Maria Cecilia Restrepo es colombiana, pero vive en la Ciudad de México desde hace más de tres años. El día del temblor estaba en su trabajo. Tenía que ver una película mexicana de 1947: Gángsters contra charros, del director gallego Juan Orol, conocido en su época como el rey del cine negro o el “surrealista involuntario”. Con los audífonos puestos, absorbida por la historia, Maria Cecilia tardó en asimilar que el temblor que comenzaba a moverlo todo a su alrededor no era producto de su imaginación ni una escena surrealista más de la película. Entonces dejó a los actores en medio de una balacera y salió corriendo en busca de la salida. Atravesó la puerta de la calle cuando los ventanales del edificio se quebraban en mil pedazos.

“Nunca antes había sentido tanto amor por esta tierra azteca y su gente como lo hice desde el mismo día del temblor”, dice Maria Cecilia. En este relato, escrito a pocas semanas del terremoto, cuenta por qué. Relata de qué manera los mexicanos de a pie y en las redes sociales se organizaron para brindarle apoyo a los más afectados. Un ejemplo de cómo la solidaridad y la coordinación de la sociedad civil son claves para afrontar crisis y tragedias nacionales.

El México del 19 de septiembre

Por Maria Cecilia Restrepo @lakandonga [Periodista invitada]
Fotos: Samuel Alamillo Nuño y Maria Cecilia Restrepo

El 19 de septiembre de 2017 las ondas sísmicas liberaron la energía de la tierra y la de miles de personas que salieron aterrorizadas a las calles de la Ciudad de México.

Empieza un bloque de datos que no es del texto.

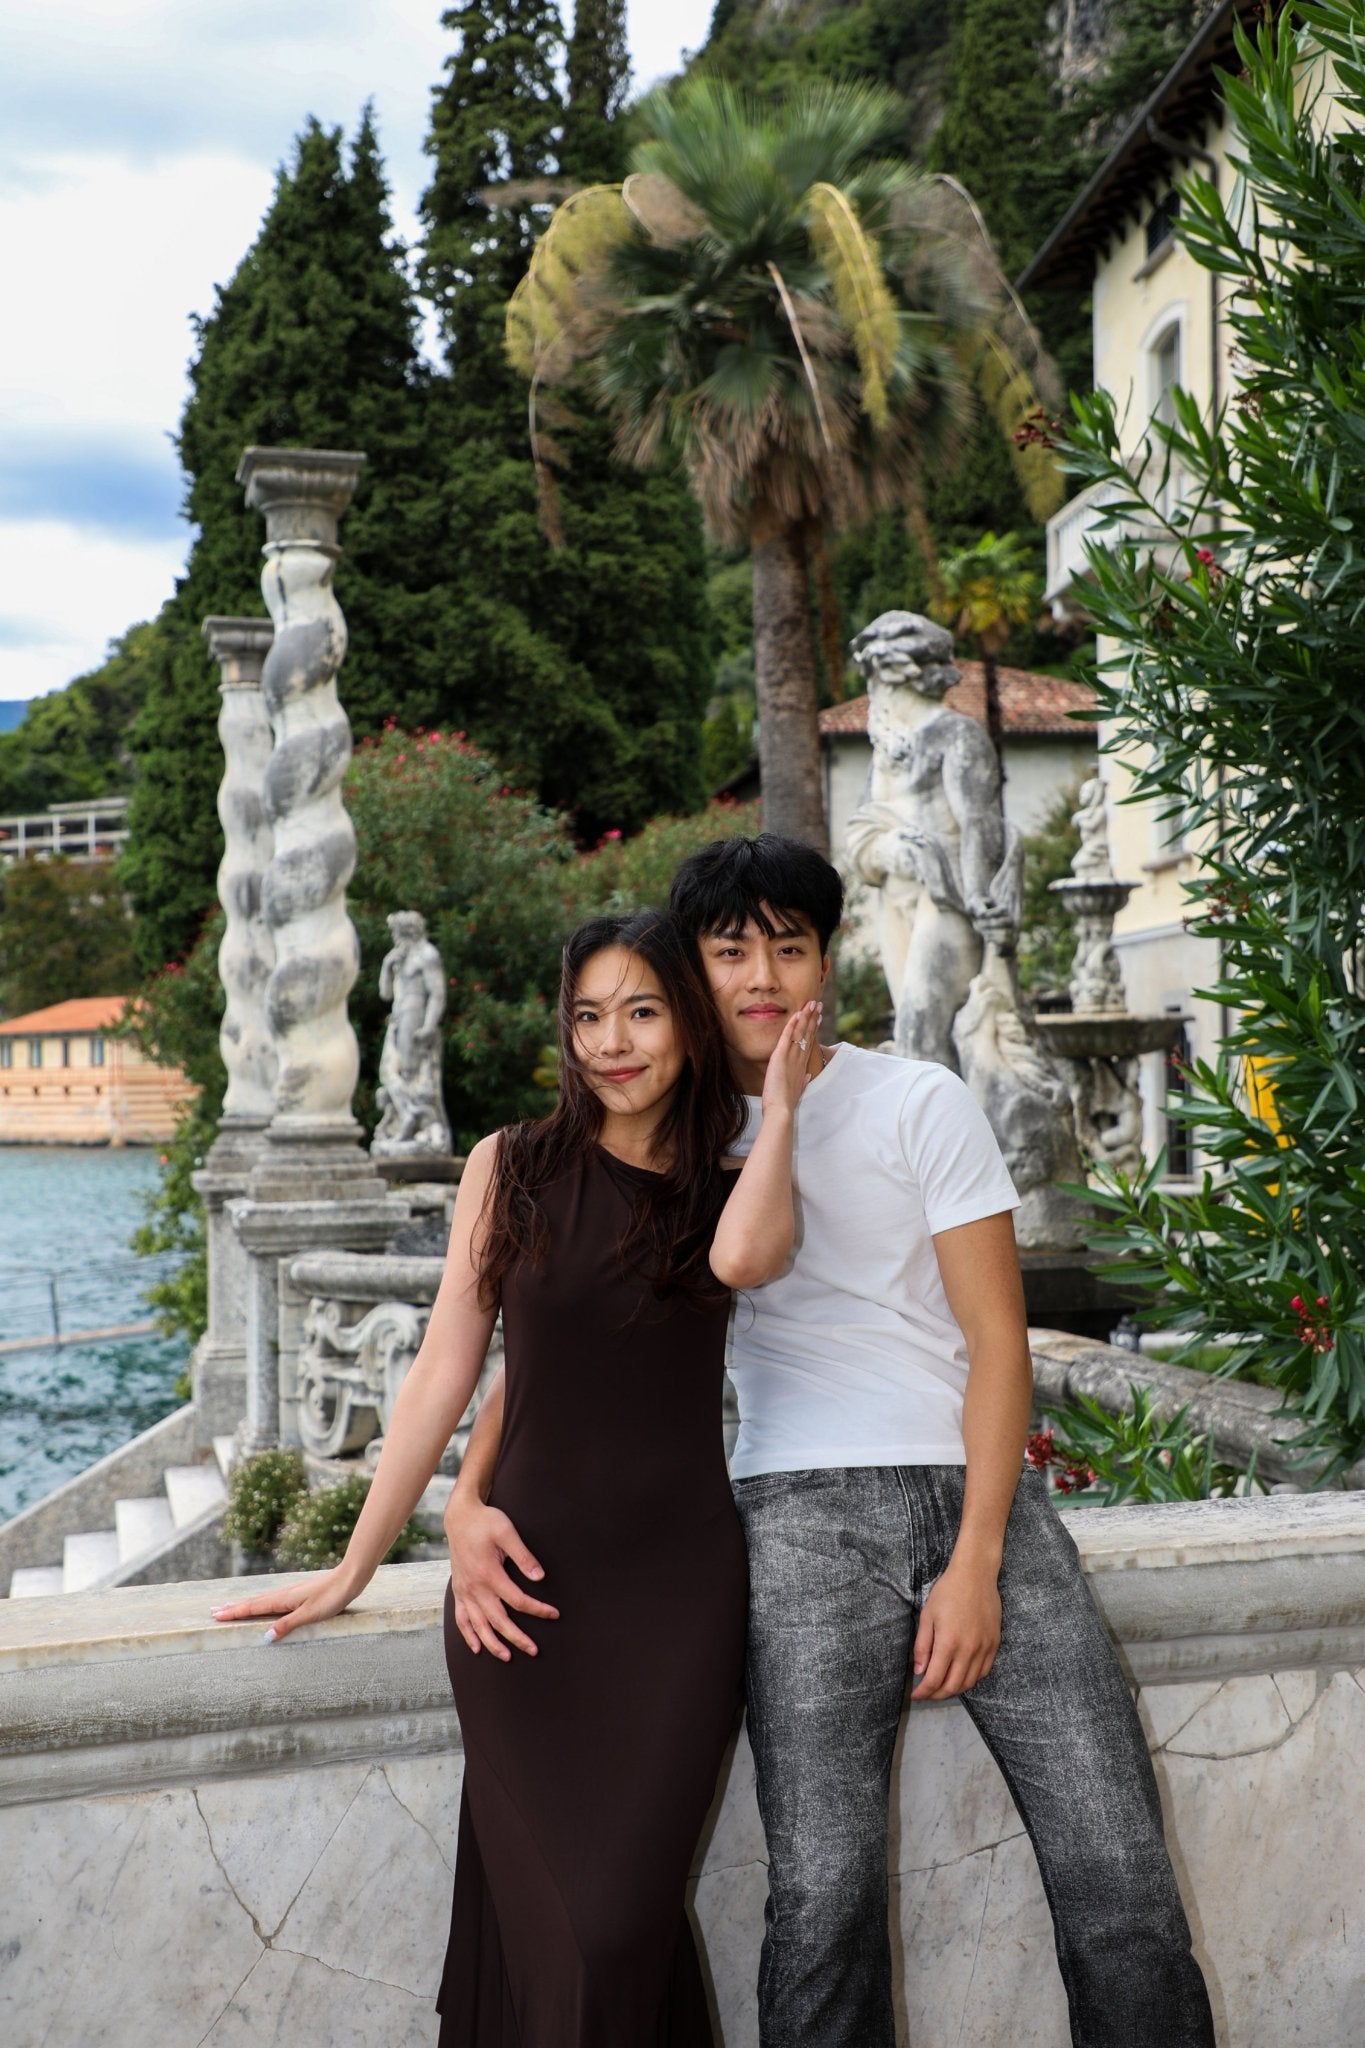 Proposal Photo Shoot at Villa Monastero in Varenna - Lake Como Photographer - FRAQAIR

Todas tenían una necesidad inmensa de ayudar en algo. Muchas de ellas llevaban aún pegado a la piel el recuerdo del terremoto del mismo día, pero de 1985, o sabían de él por historias relatadas por sus padres o abuelos.

Imágenes de solidaridad un martes en la tarde

WhatsApp Image 2017-11-08 at 7.19.12 AM-11 A partir de la 1:14 de la tarde, y aún varias horas después, muchas edificaciones colapsaron y se tragaron a quienes estaban adentro. Algunos pudieron salir con vida, pero otros no corrieron con la misma suerte. Según la Secretaría de Gobierno de la CDMX, han fallecido más de 228 personas.

Ese día, la ciudad parecía un enorme hormiguero alborotado. Con el polvo de los derrumbes aún flotando en el ambiente, las calles ya estaban llenas de personas dispuestas a dar sus fuerzas, sus víveres, su dinero o su consuelo a quienes lo requerían. La desolación en la que quedaron algunas zonas y sus habitantes me estremeció de dolor; la solidaridad espontánea que surgió de los mexicanos me conmovió hasta las lágrimas.

Resguardarse en la casa como espectadora no era una opción, a pesar de ser ese el llamado oficial. Ese día, como cuando estaba chiquita, hubiera querido tener muchas profesiones encima para poder ayudar eficazmente. Me habría gustado ser médica, ingeniera, sicóloga, arquitecta, rescatista, ecóloga, levantadora de pesas, y otras tantas. Pero como este no era el caso, mi opción fue la de juntar víveres y ropa para llevarlos a los centros de acopio instalados en distintos puntos de la ciudad por personas u organizaciones serias y sin vínculo alguno con el gobierno o partidos políticos.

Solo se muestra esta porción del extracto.